LastChip 20 Jan 2010 , 2:18pm

The answer is simple.

Sack all the top players and employ good enough players at sensible wages.

Get football back to its roots, so no longer is money a driving force, but a passion for the game.

If all leading clubs went down this road, it would end in a level playing field, so everyone benefited and would trickle down through the leagues.

It's yet just another example of excesses, similar in many ways to bankers.

Yes, I know, pigs may just fly too!

theRealGrinch 20 Jan 2010 , 3:15pm

there is another saying, how do you become a millionaire? Start with a billionaire and buy a football club. Reality will only hit fans, players and owners when high profile clubs start to go bust. It is the only way for them to stop dreaming and become economically realistic. As for the Spanish clubs, the EU should investigate the government support to them. This is an old chesnut I remember from the 1980s.

supasap 21 Jan 2010 , 2:31pm

but where football differs from the banking world is the transparency of the labour market........ it is sometimes difficult to understand why someone wishes to pay a skilled banker say 20 times per hour more than my mortal self earns for making investments when a lot of people would be capable of "investing" also, but for every bloke that has ever tried playing football they realise that Didier Drogba or Fabregas or Torres are truly exceptional people in terms of mastering their trade....... it is very clear to see how good they are and therefore why they command such a high renumeration....... now only Buffet shines in the (public / semi celebrity) investment world that we inhabit...... there may be many more that deserve a god like status, but even that doesn't answer question why would anyone pay a fortune for any investor when you can just copy Buffet or invest in his company?

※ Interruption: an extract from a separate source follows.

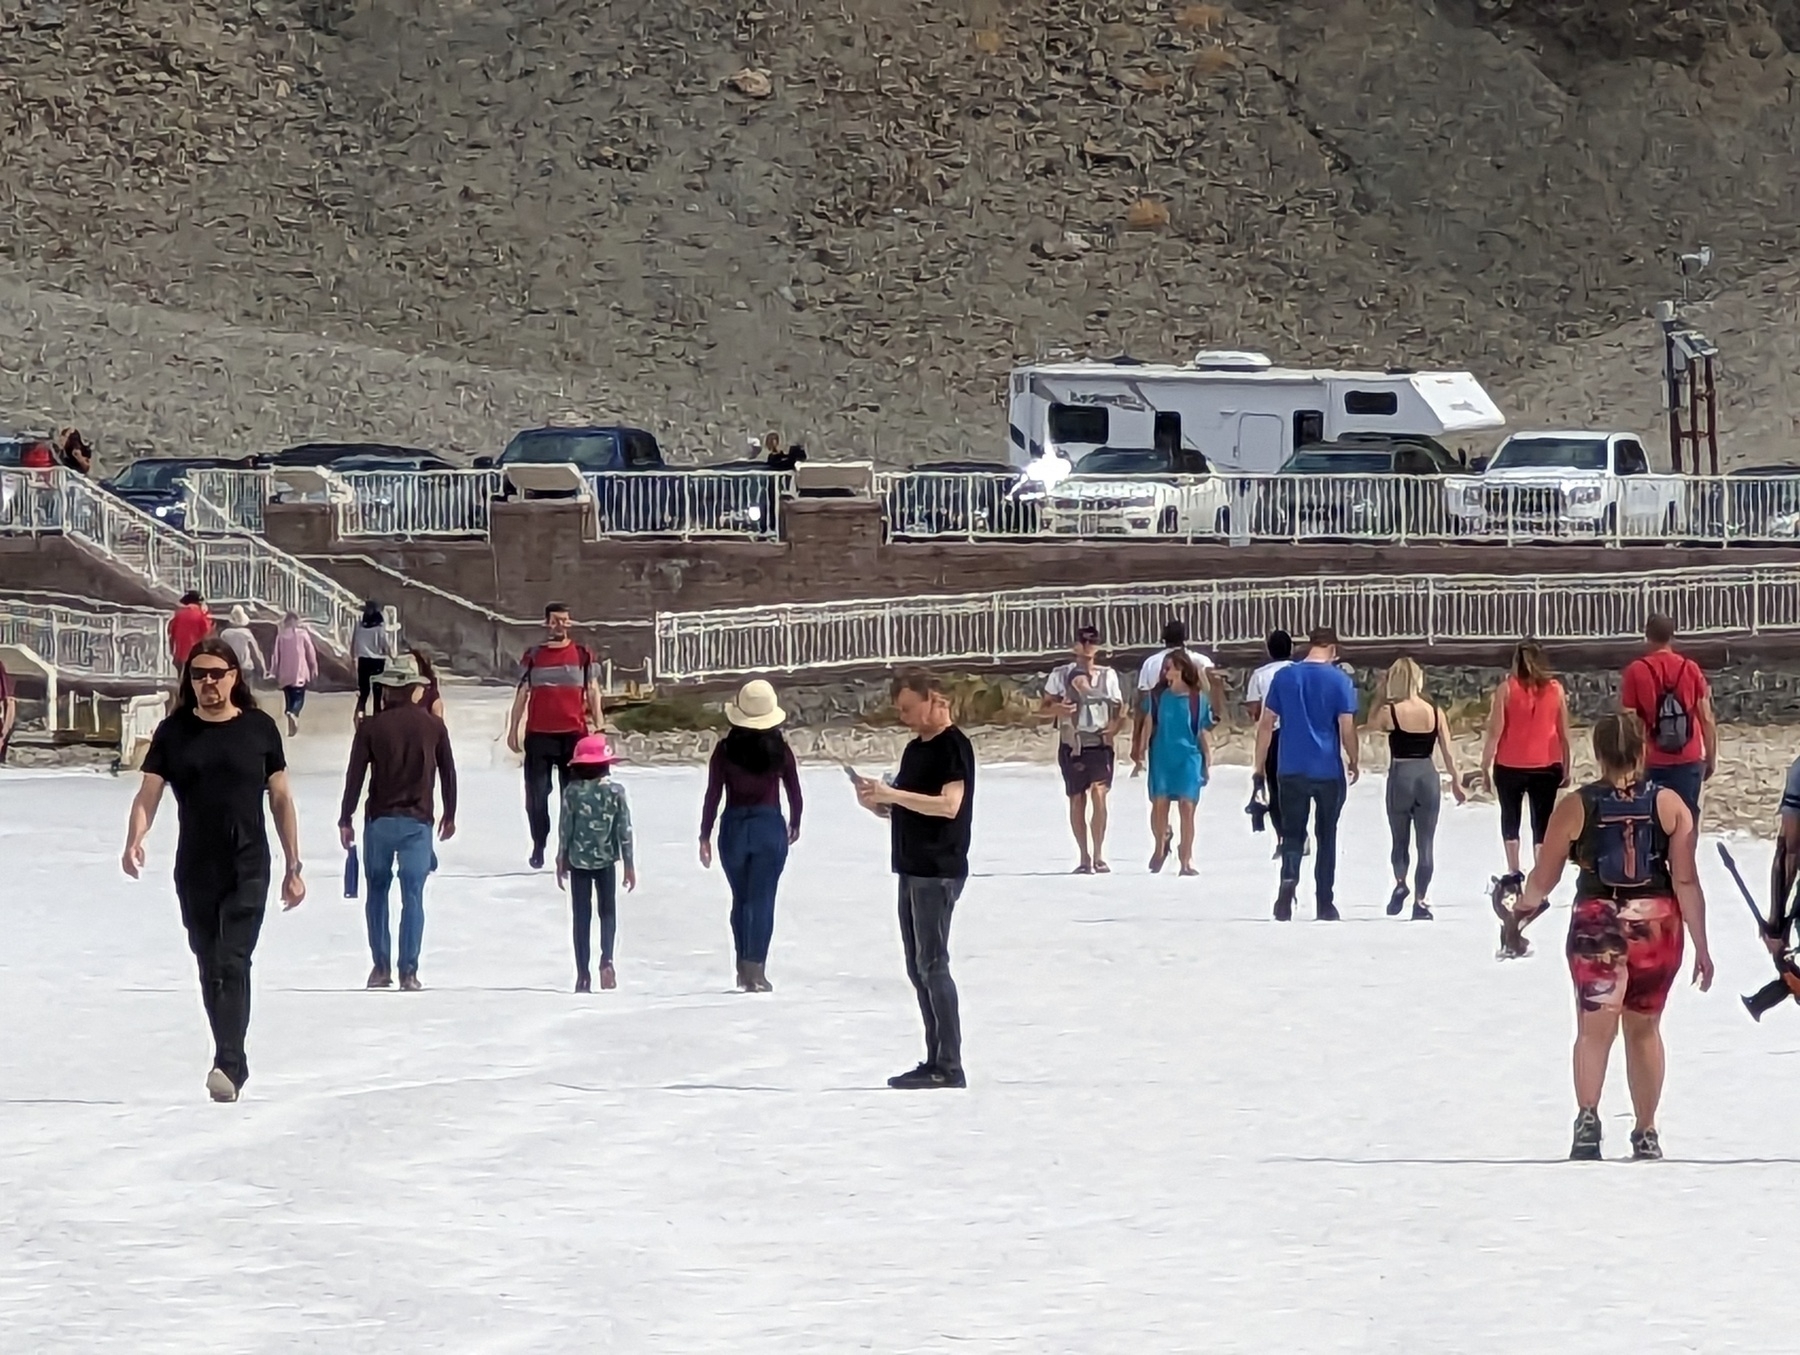 Several dozen people clad in casual clothing walk in warm air and bright sunshine along a salt whitened stretch of open space near a fenced off parking lot full of cars and recreational vehicles Wednesday, March 14, 2023 at Badwater Basin in Death Valley National Park in Death Valley, California. The day's temperatures did not appear to exceed 25 degrees Celsius, or about 76 degrees Fahrenheit.
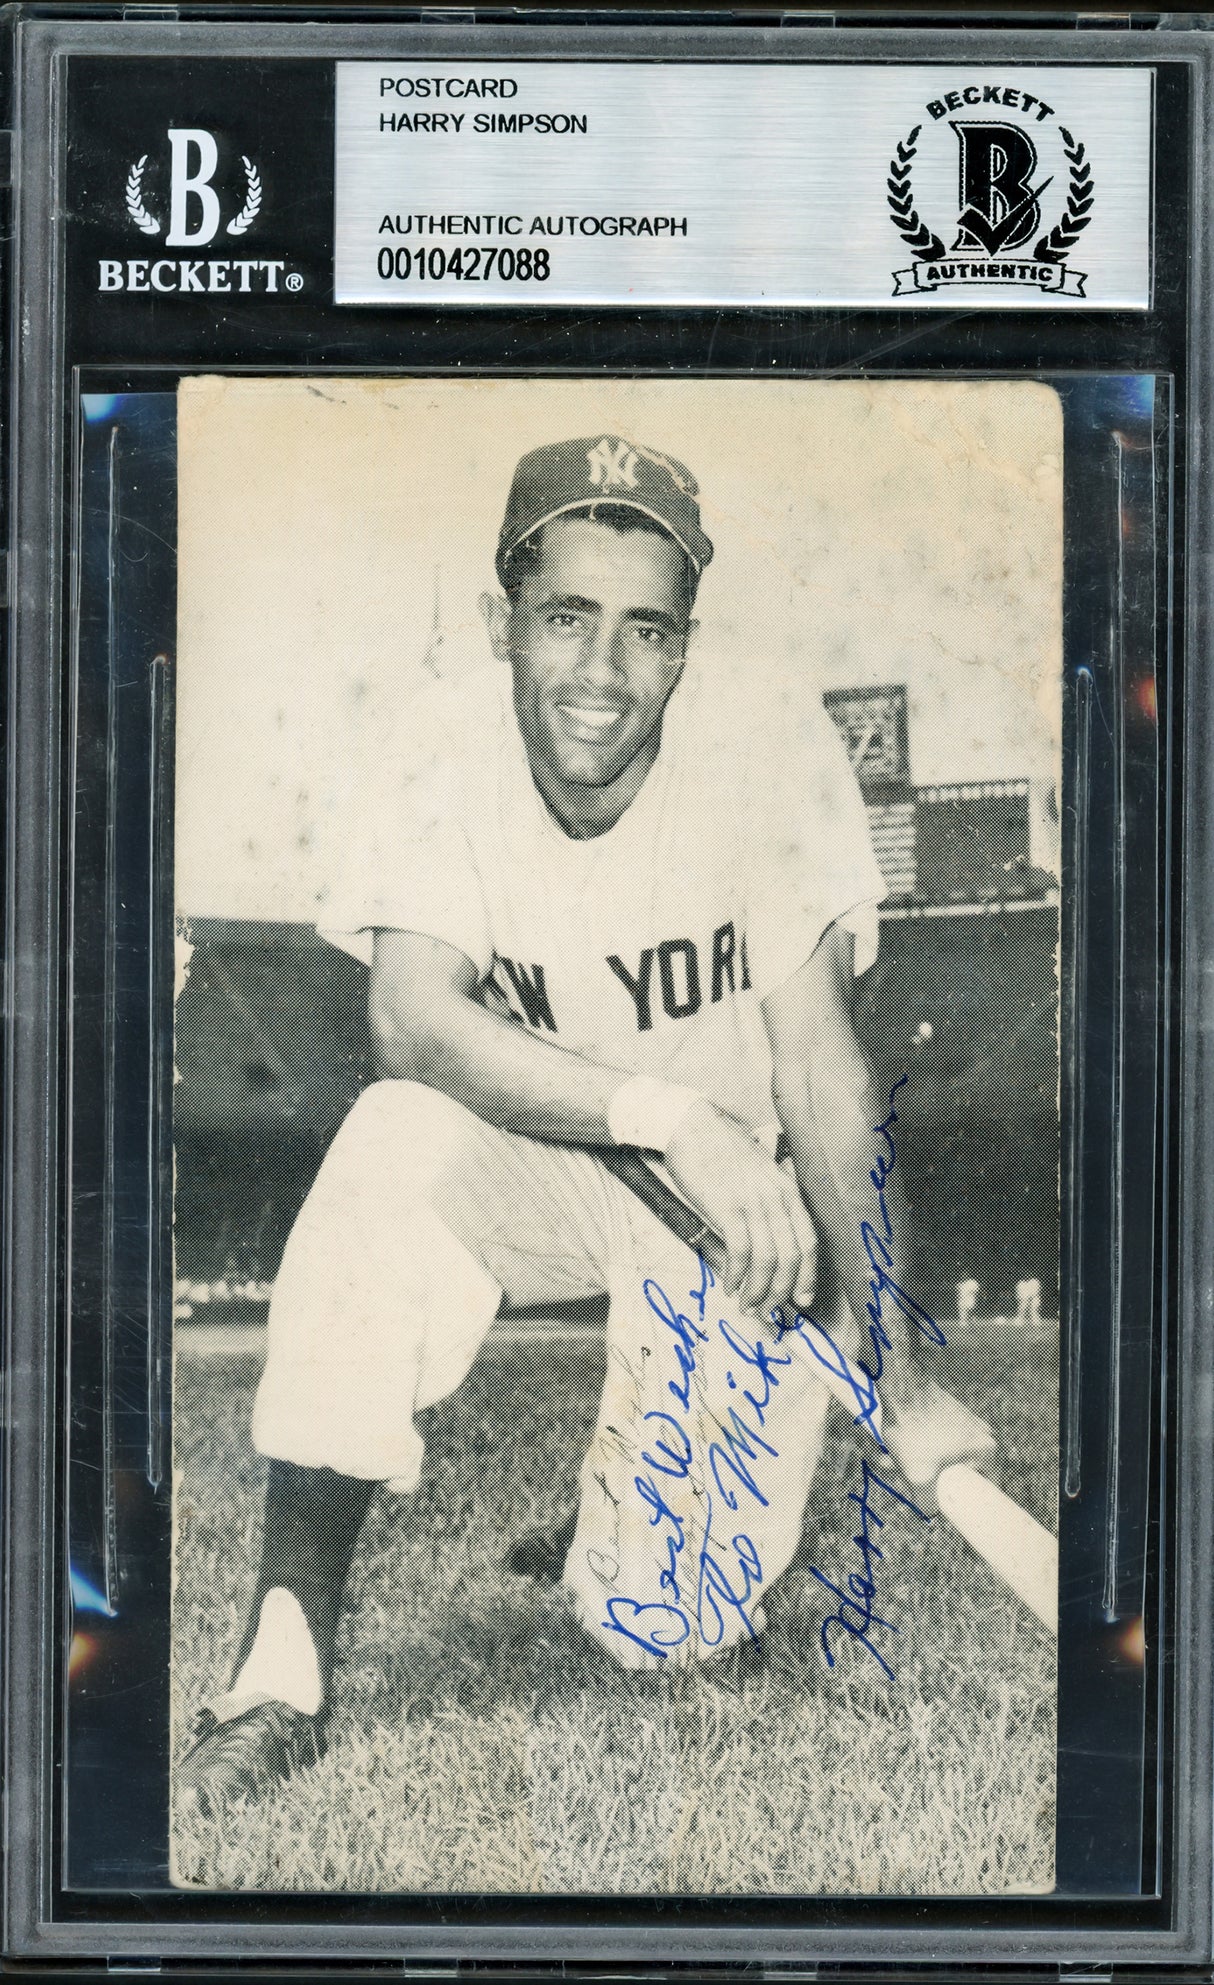 Harry Simpson Autographed 3x5.5 Postcard New York Yankees "Best Wishes To Mike" Beckett BAS #10427088

notsloc 21 Jan 2010 , 4:17pm

According to press articles MU only reported a profit in their recent results due to the £80m sale of Ronaldo, without this they would be in the red. However, I can find no information on cash flow from these results which would show how much has actually been recieved.

At the time of the Ronaldo transfer it was reported that the £80m fee was to be paid in £20m tranches every 12 months for 4 years. If the full £80m fee has been booked as a sale in the latest results but only £20m has been recieved there will be a £60m difference in the cash flow.

If this is the case then not only have MU been trading at a loss for the last year but (because there is only one Ronaldo) they are likely to do so for the next 3 years at least. Even if the bond is sold successfully they are likely to have to liquidate some more assets (eg Rooney) to meet the interest payments.

Is anyone able to check the cash flow against sales?